Performance Test Case
Using 1000 executors of Spark, single executor 1g/1core to run TeraSort 1TB.

When using LOCALFILE storageType mode, it cost 7.3 min.
And then after applying this PR, it cost 6.1 min

Does this PR introduce any user-facing change?

Introducing the conf of rss.client.data.commit.pool.size, the default value is assigned shuffle server size.

How was this patch tested?

No need

codecov-commenter · 2022-07-16T10:58:06Z

Codecov Report

Merging #59 (e392f1e) into master (e48f74e) will decrease coverage by 0.04%.
The diff coverage is 8.57%.

@@             Coverage Diff              @@
##             master      #59      +/-   ##
============================================
- Coverage     55.21%   55.16%   -0.05%     
+ Complexity     1111     1110       -1     
============================================
  Files           148      148              
  Lines          7953     7962       +9     
  Branches        760      760              
============================================
+ Hits           4391     4392       +1     
- Misses         3321     3328       +7     
- Partials        241      242       +1

Impacted Files	Coverage Δ
.../java/org/apache/hadoop/mapreduce/RssMRConfig.java	`87.50% <ø> (ø)`
...n/java/org/apache/hadoop/mapreduce/RssMRUtils.java	`31.70% <0.00%> (-0.40%)`	⬇️
.../java/org/apache/spark/shuffle/RssSparkConfig.java	`88.88% <ø> (ø)`
...e/uniffle/client/factory/ShuffleClientFactory.java	`0.00% <ø> (ø)`
...rg/apache/uniffle/client/util/RssClientConfig.java	`0.00% <ø> (ø)`
...he/uniffle/client/impl/ShuffleWriteClientImpl.java	`25.95% <8.82%> (-0.04%)`	⬇️
.../apache/uniffle/coordinator/ClientConfManager.java	`91.54% <0.00%> (-1.41%)`	⬇️

Continue to review full report at Codecov.

Legend - Click here to learn more
Δ = absolute <relative> (impact), ø = not affected, ? = missing data
Powered by Codecov.

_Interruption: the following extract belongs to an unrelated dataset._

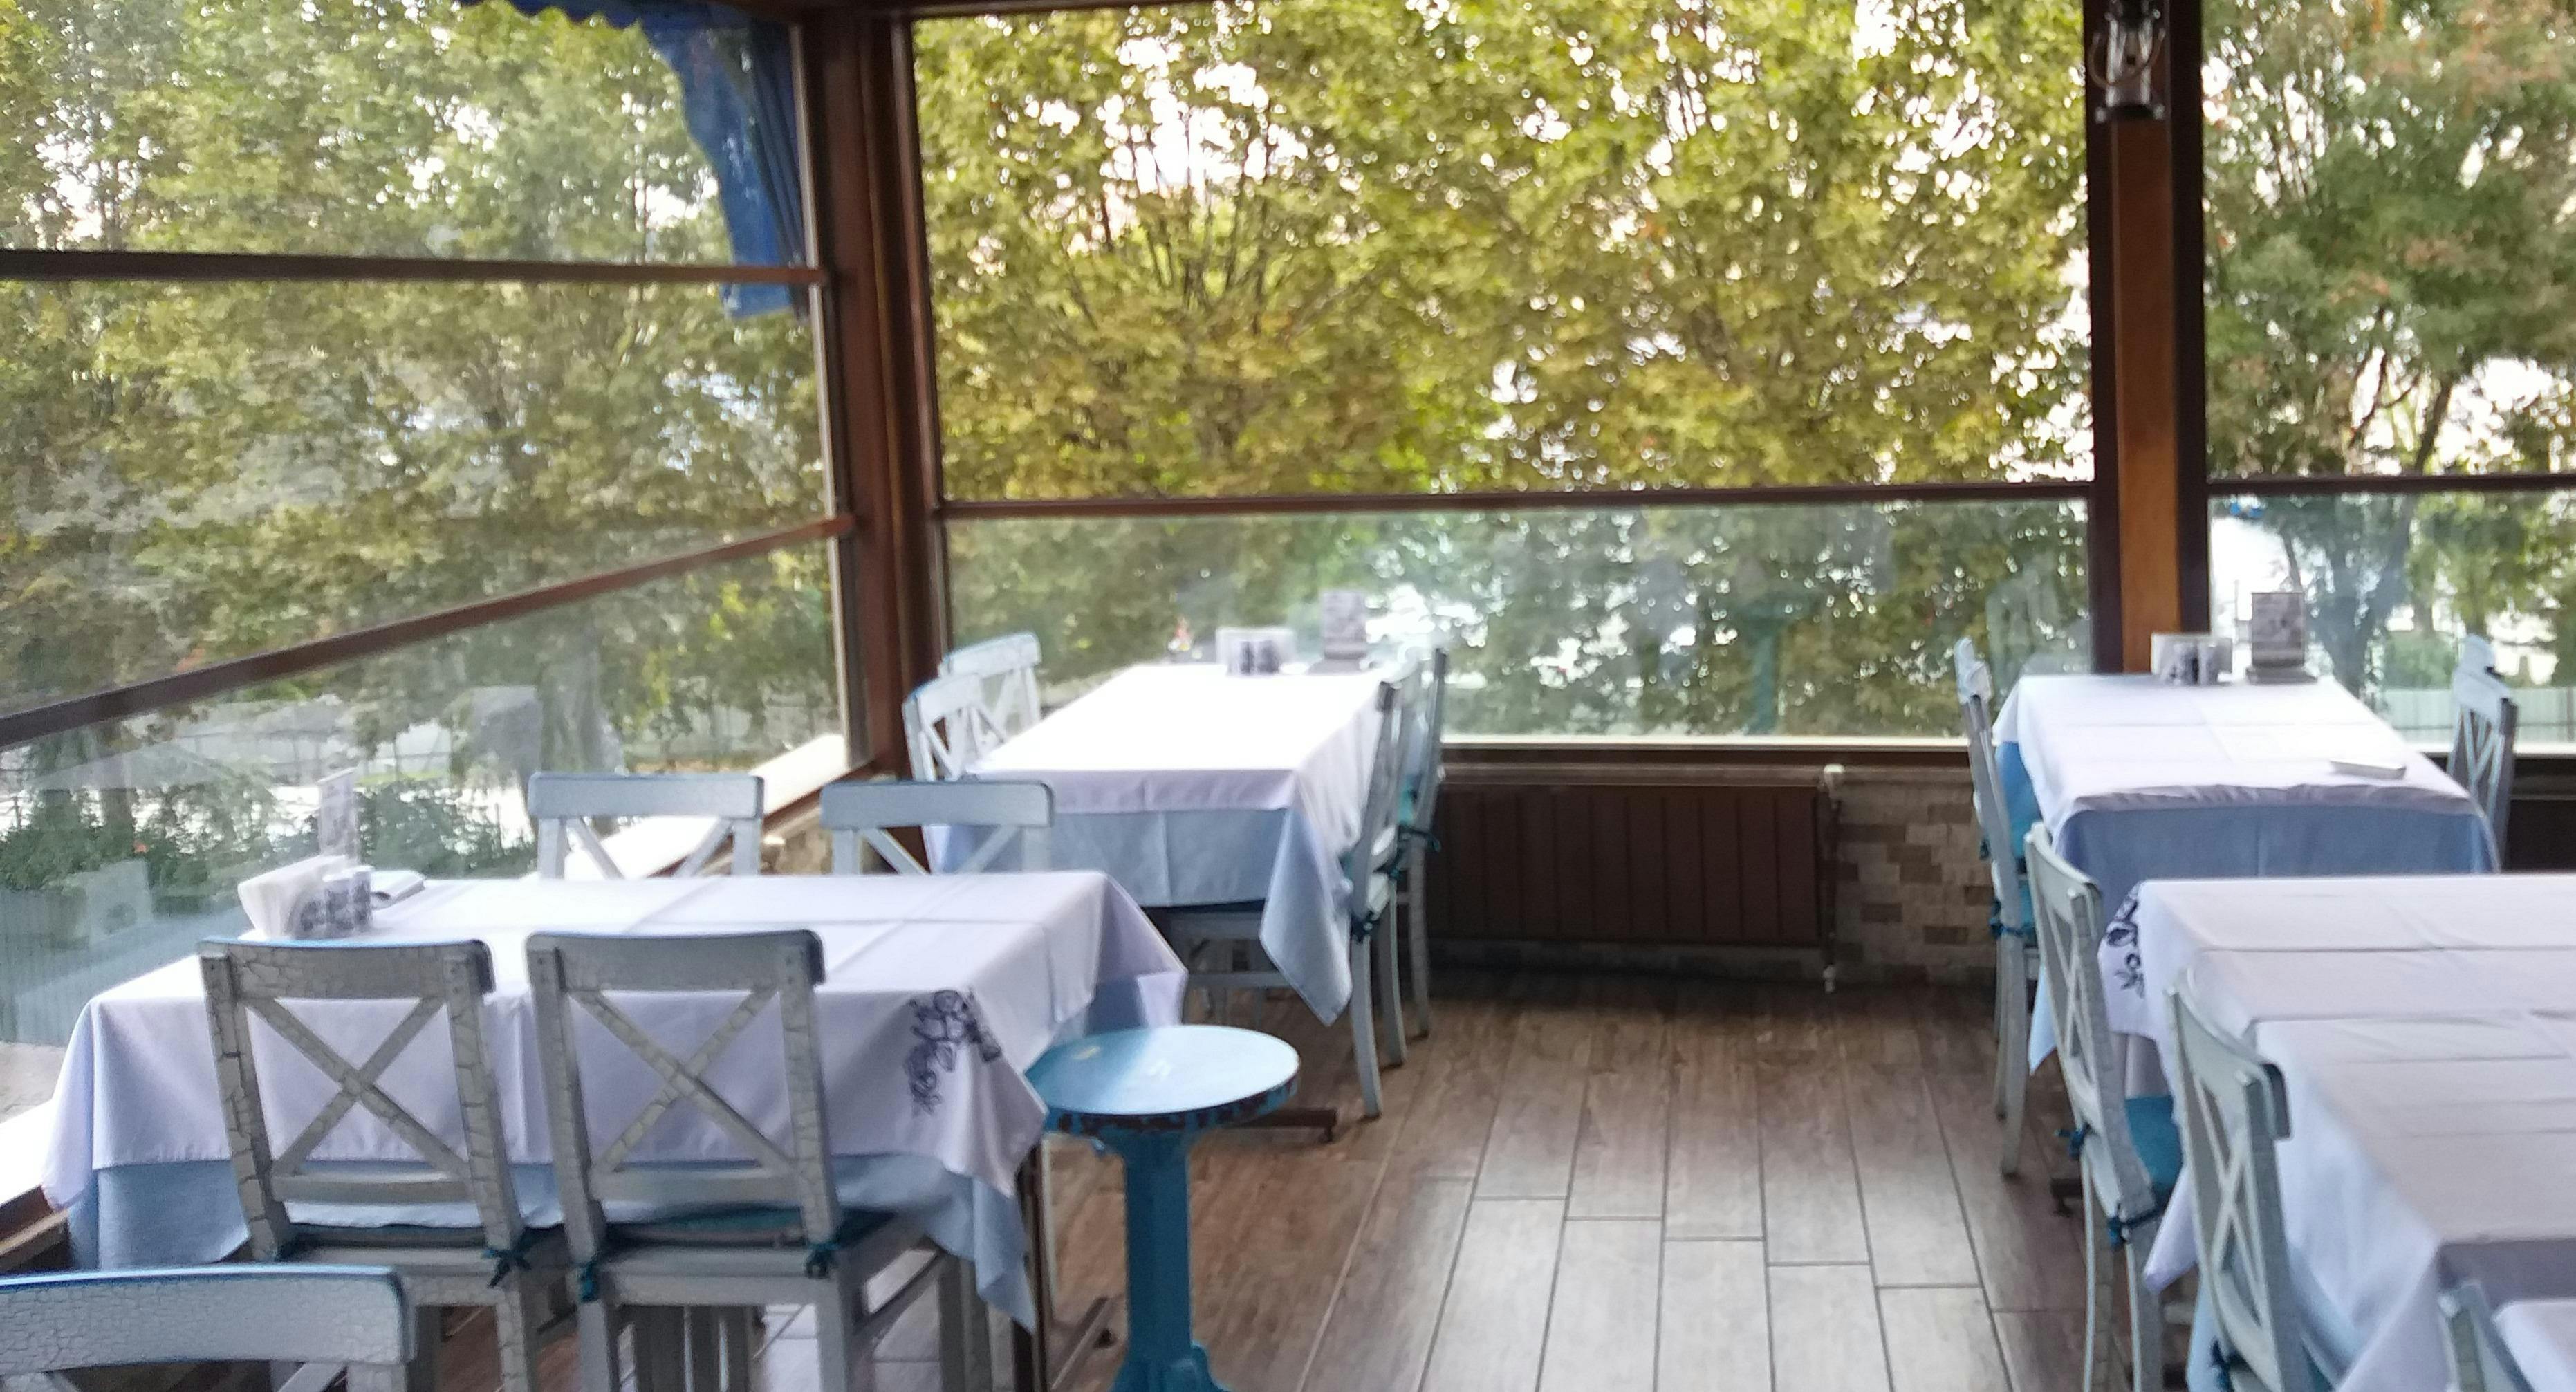 Fatih, İstanbul şehrindeki Cibali Vasilis Balıkçısı restoranının fotoğrafı

Last update e48f74e...e392f1e. Read the comment docs.

jerqi · 2022-07-16T12:07:40Z

Do you have performance tests? I guess this pr can't improve the performance. Because the performance bottleneck of commit operation is on the shuffle server in my opinion.

zuston · 2022-07-16T12:36:50Z

Yes. I tested
I use 1000 executors, single executor 1g/1core to run terasort 1TB.

When using localfile mode, it cost 7.3 min.
And when i apply this PR, it cost 6.1 min

@jerqi

zuston · 2022-07-16T12:42:05Z

Do you have performance tests? I guess this pr can't improve the performance. Because the performance bottleneck of commit operation is on the shuffle server in my opinion.

As I know the spilling to disk event need to be triggered by client side. So if the previous trigger is blocked, the next one will
not be triggered.

jerqi · 2022-07-16T12:59:39Z

We don't recommend to use the storageType LOCALFILE, because it has poor performance. But the improvement is ok for me.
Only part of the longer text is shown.